The trial court found that plaintiff's pleadings and oral argument on the motion for summary judgment stated a cause of action arising either from the negligence of defendant or from failure of defendant to exercise the required standard of care when furnishing the survey.

An action to recover damages for injury to person or property must be commenced within three years or it is thereafter barred by the statute of limitations irrespective of how plaintiff proceeds to seek recovery and regardless of whether or not the injury arises out of a contractual relationship of the parties, either express or implied. State Mutual Cyclone Insurance Company v. O & A Electric Cooperative (1968), 381 Mich. 318. The three-year statute of limitations applies equally as well to breach of contract actions based on a tortious or negligent act. Baatz v. Smith (1960), 361 Mich. 68. In the present case, however, plaintiff does not claim an injury to his property or to his person. What plaintiff alleges is that he was injured in his financial expectations. Since the cases cited are based entirely upon actual damage to property or physical injury to the plaintiff, there remains to be answered the question as to whether the injury plaintiff sustained is to his person as required by MCLA § 600.5805 (Stat Ann 1962 § 27A.5805). It appears from the complaint that plaintiff was indeed injured in his financial expectations rather than in his person. *539 In Fries v. Holland Hitch Company (1968), 12 Mich. App. 178, 183, the Court stated:

"* * * Although the above-quoted statutory provisions are generally thought of as `tort' and and `contract' provisions respectively, the provisions are not applied through any sense of magical language found in the pleadings.
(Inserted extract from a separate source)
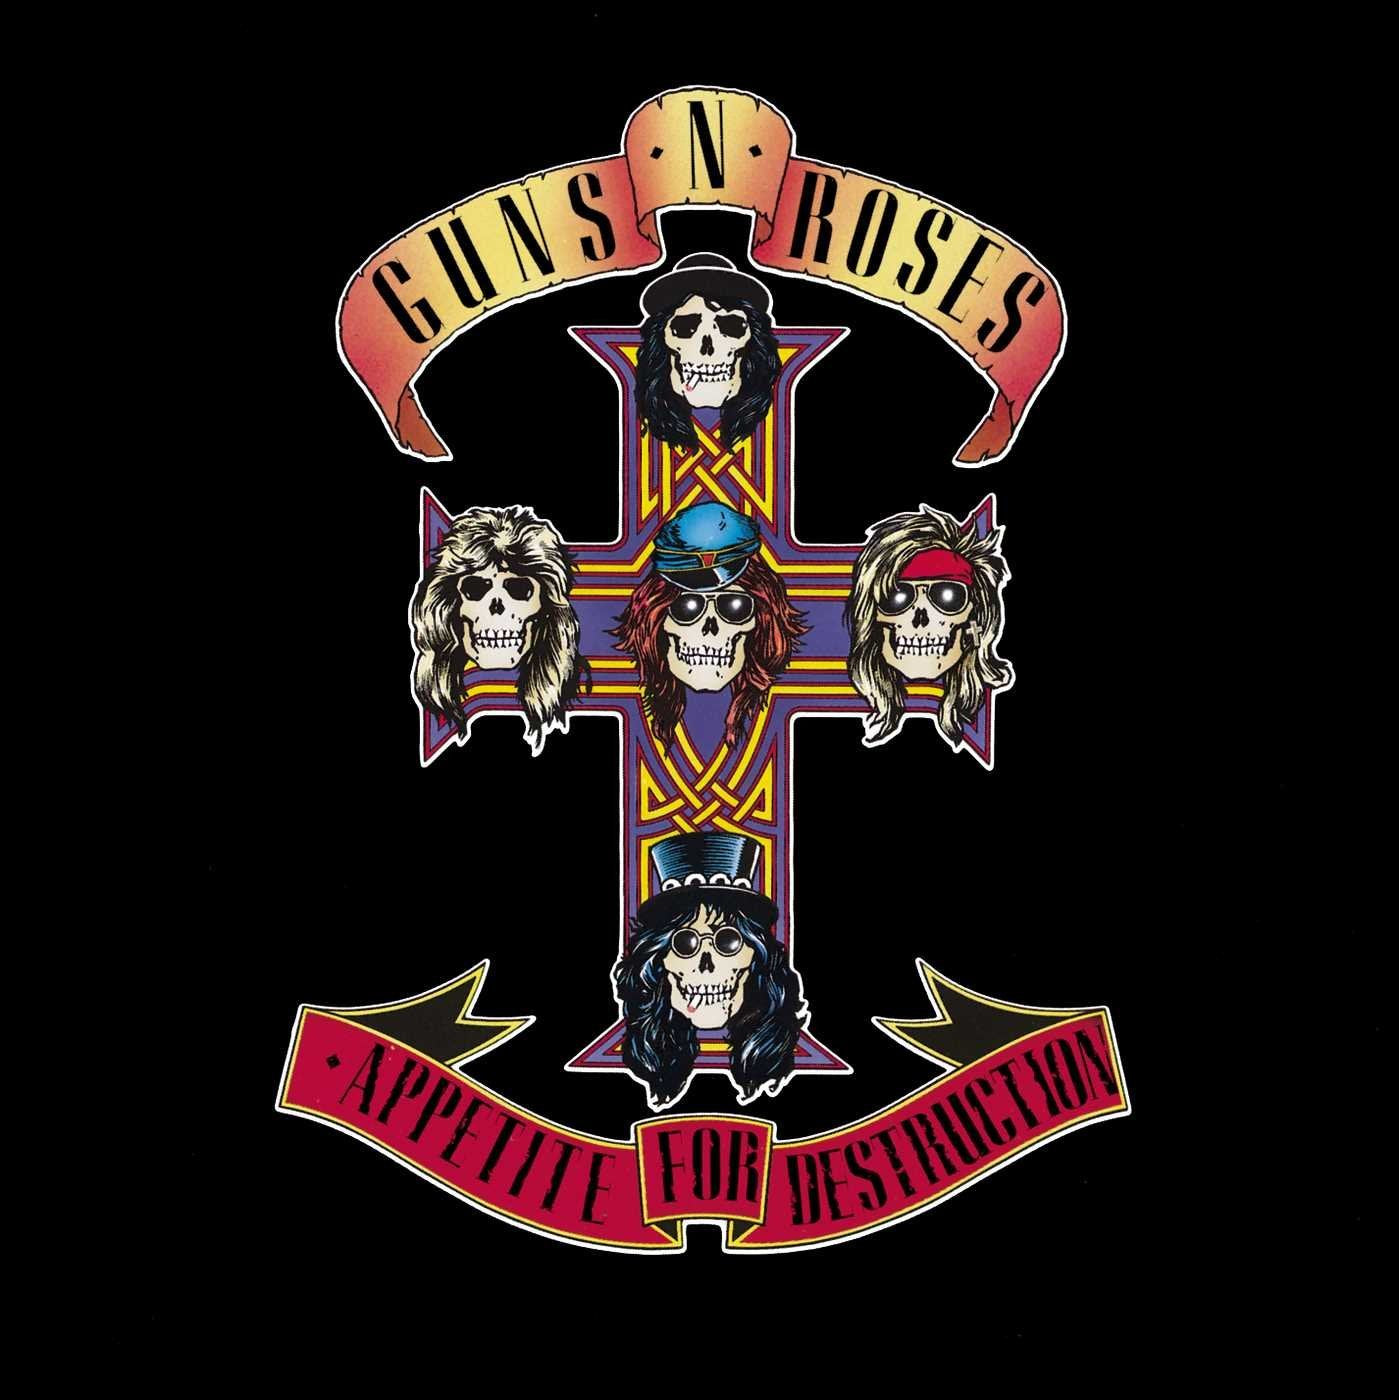 Guns N Roses - Appetite For Destruction [Explicit Content] (180 Gram Vinyl, Limited Edition, Digital Download Card) (2 Lp's) - Vinyl

A party cannot invoke the longer statute by the mere expedient of calling a tort an implied contract; but an action for breach will not be limited to 3 years because the breach arose through defendant's negligence. * * *" (Emphasis added.)

The Court in Fries went on to say, at p 185:

"We believe that the correct construction of these statutory provisions to be that where the injury is to specific property or persons, the 3-year limitation controls. The 6-year period may be thought of as an exception applicable to such actions wherein the injury is occasioned by breach of some express contractual provision. See for instance Stewart v. Rudner (1957), 349 Mich. 459. On the other hand, in contracts of a commercial nature or where the breach injures one in his financial expectations and economic benefit rather than his person or specific property, then such actions may be brought within 6 years whether founded upon express or implied contract. Abbott v. Michigan State Industries (1942), 303 Mich. 575."

In the present case there was a contract. Plaintiff claims that part at least of the damages involved here arose from a lawsuit brought against him due to the inaccurate survey and also that there was damage to his future career. Both of these claims would seem to come within the language of Fries, supra. Under the language cited from Fries, it is clear that plaintiff was injured "in his financial expectations and economic benefit rather than in his *540 person or specific property." Therefore, the statute of limitations should have been six years and it was error for summary judgment to have been granted for defendant.

Reversed and remanded.

All concurred.

NOTES

[*] "(1) A civil action for malpractice may be maintained against any person professing or holding himself out to be a member of a state licensed profession. The rules of the common law applicable to actions against members of a state licensed profession, for malpractice, are applicable against any person who holds himself out to be a member of a state licensed profession. * * * " (Emphasis added.)